What does this alert mean?
Webhooks validate or mutate resources before they are persisted. When a webhook’s error rate exceeds 10%, it indicates that many API requests for the affected resources are being rejected or failing.
This could be due to:
- Invalid resource configurations being submitted
- External dependencies being unavailable (e.g., clusters, teams, secrets)
- Permission issues in webhook operations
- Bugs in the webhook logic
- Network issues preventing webhook from accessing required resources
Diagnosis
Identify the Affected Webhook and Resource
The alert label webhook identifies which webhook has high error rates.

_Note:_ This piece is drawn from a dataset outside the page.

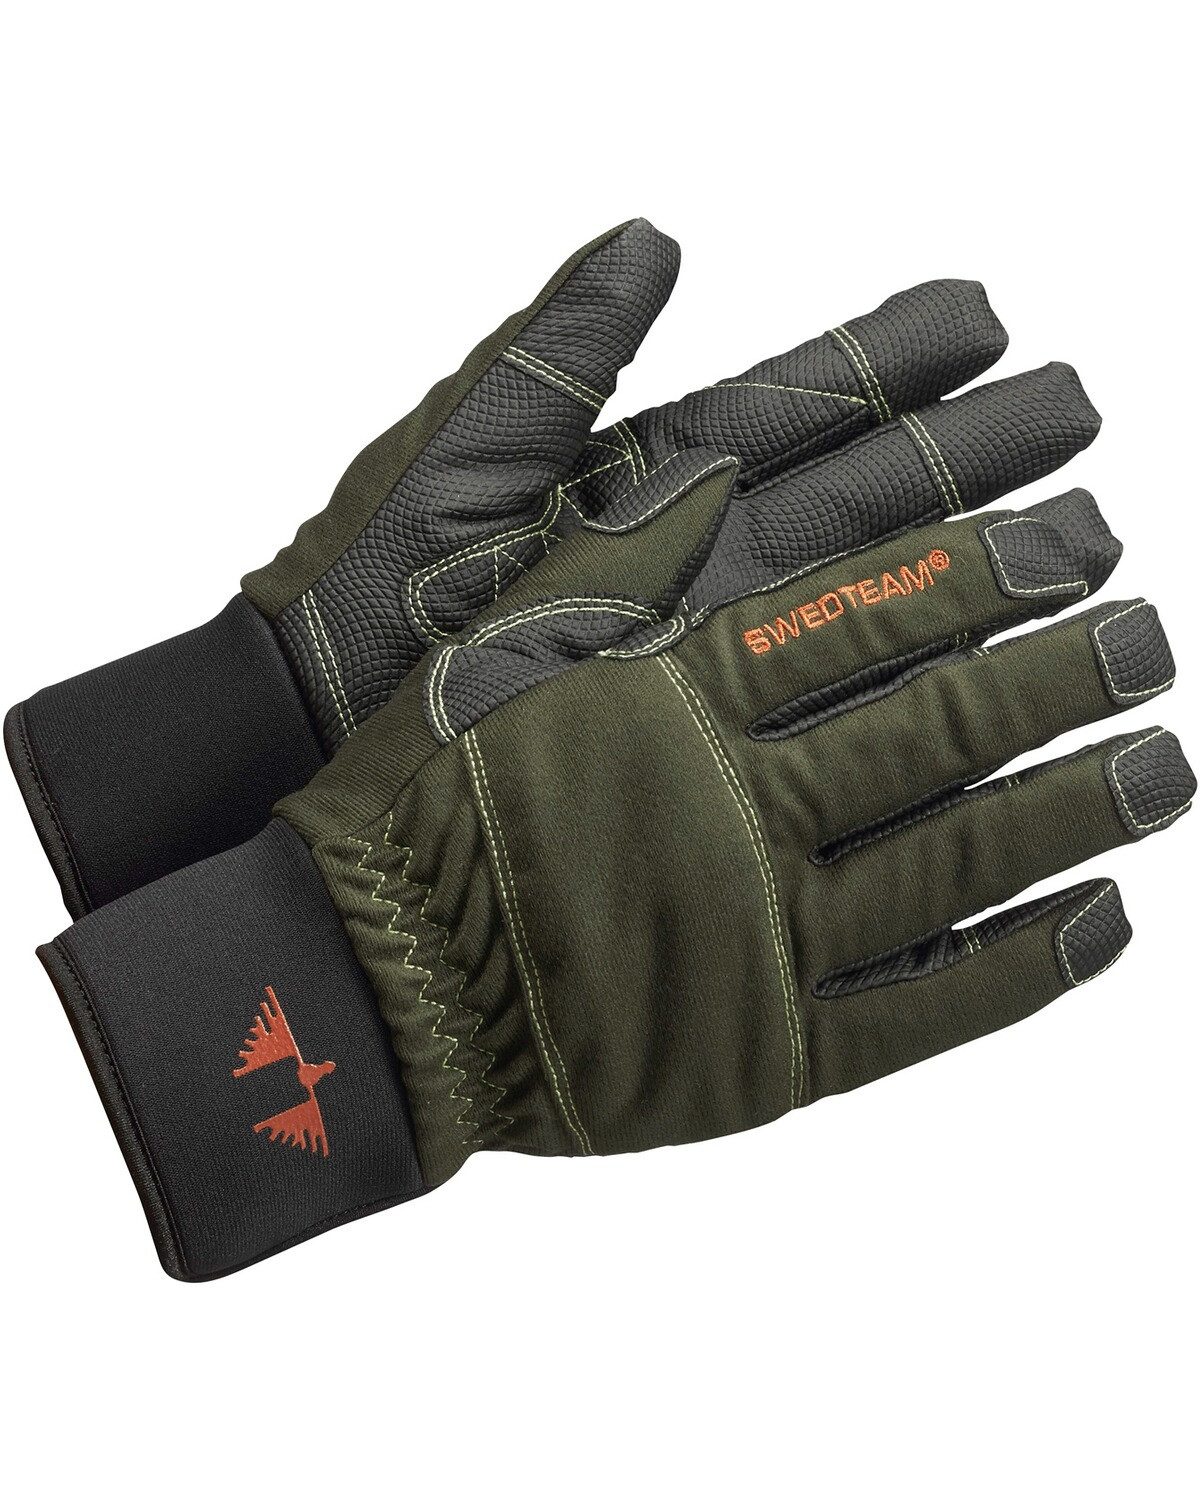 Swedteam Fleecehandschuhe Handschuhe Ultra Dry

Extract the resource type from the webhook path (e.g., Plugin, Cluster, Organization) to use in log filtering.
Common webhook paths:
/mutate-greenhouse-sap-v1alpha1-plugin→ Plugin resource/validate-greenhouse-sap-v1alpha1-plugin→ Plugin resource/mutate-greenhouse-sap-v1alpha1-cluster→ Cluster resource/validate-greenhouse-sap-v1alpha1-cluster→ Cluster resource
Check Webhook Metrics
Access the Prometheus instance monitoring your Greenhouse cluster and query the webhook request metrics using the following PromQL queries:
# Total webhook requests by status code
controller_runtime_webhook_requests_total{webhook="<webhook-path>"}
# Successful requests (200)
controller_runtime_webhook_requests_total{webhook="<webhook-path>",code="200"}
# Failed requests (non-200)
controller_runtime_webhook_requests_total{webhook="<webhook-path>",code!="200"}
# Error rate
rate(controller_runtime_webhook_requests_total{webhook="<webhook-path>",code!="200"}[5m]) / rate(controller_runtime_webhook_requests_total{webhook="<webhook-path>"}[5m])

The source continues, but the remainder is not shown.